Despite its initial failure, Summer and Smoke was revived a few years later to resounding success. The 1952 production by director Jose Quintero at New York's Circle in the Square Theater put Off-Broadway on the map and established the career of a relatively unknown young actress. For her portrayal of Alma, a repressed Southern spinster grasping at one chance for love with the wild, undisciplined young doctor she has known for years, Geraldine Page won the Drama Critics Award, the first given to a performer in a non-Broadway production. It also brought her to the attention of Hollywood, leading to an uncredited part in Taxi (1953) and a substantial role opposite John Wayne in Hondo (1953), for which she received a Best Supporting Actress Academy Award nomination. Good movie roles were not forthcoming, however, and Page returned to the stage, building a sterling reputation both on Broadway and off, earning her first Tony Award nomination for another Williams play, Sweet Bird of Youth. Although she appeared occasionally on television, she did not return to film until Summer and Smoke, eight years after her feature debut.

Hal Wallis Productions actually bought the film rights to Summer and Smoke in 1952, shortly before its Off-Broadway revival, for $100,000, a purchase based largely on the success of the film versions of Streetcar and The Glass Menagerie (1950) and on Williams's high reputation in the theater. Unlike several screen versions of his work, Williams had no part in adapting the script. That was entrusted to James Poe, who had worked on Cat on a Hot Tin Roof, and Meade Roberts, who worked with Williams to adapt his play Orpheus Descending into the film The Fugitive Kind (1959).

The film of Summer and Smoke was directed by Peter Glenville, a distinguished stage director who guided the British theatrical production and was therefore sensitive to the material's style and language. But Glenville didn't settle for a mere filmed play and opened it up with scenes set in gambling houses, at cock fights and public band concerts.
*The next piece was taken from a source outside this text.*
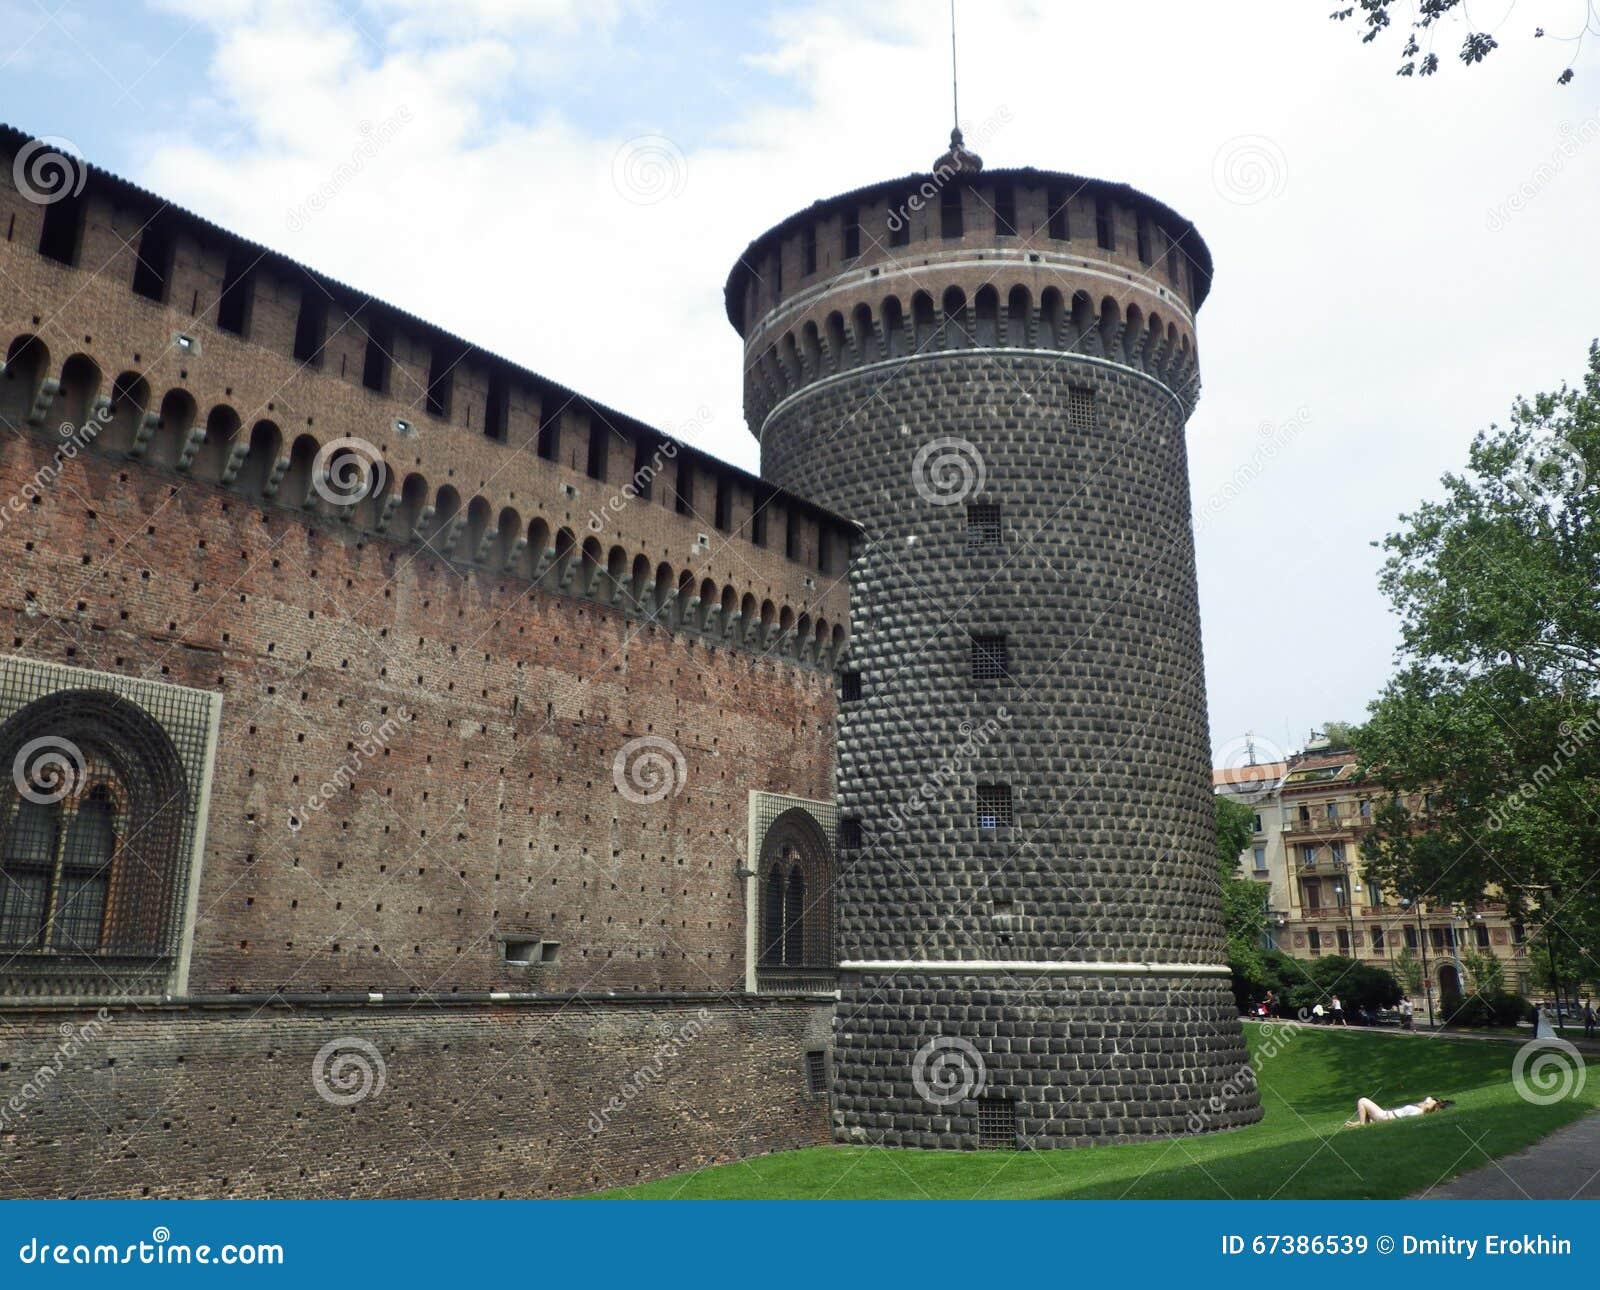 Italy. Castello Sforzesco di Milano. Tower

Whether this approach worked well for the large-format Panavision screen was debated among critics, who either found Summer and Smoke to be "one of the better American films this year" (New York Herald Tribune) or "confused and meaningless" (Films in Review) and full of "melodramatic explosions that are made monstrous on the giant screen" (New York Times). Opinion was mixed, too, on British actor Laurence Harvey as the wayward doctor Alma inadvertently reforms then loses. Many reviewers felt he was miscast.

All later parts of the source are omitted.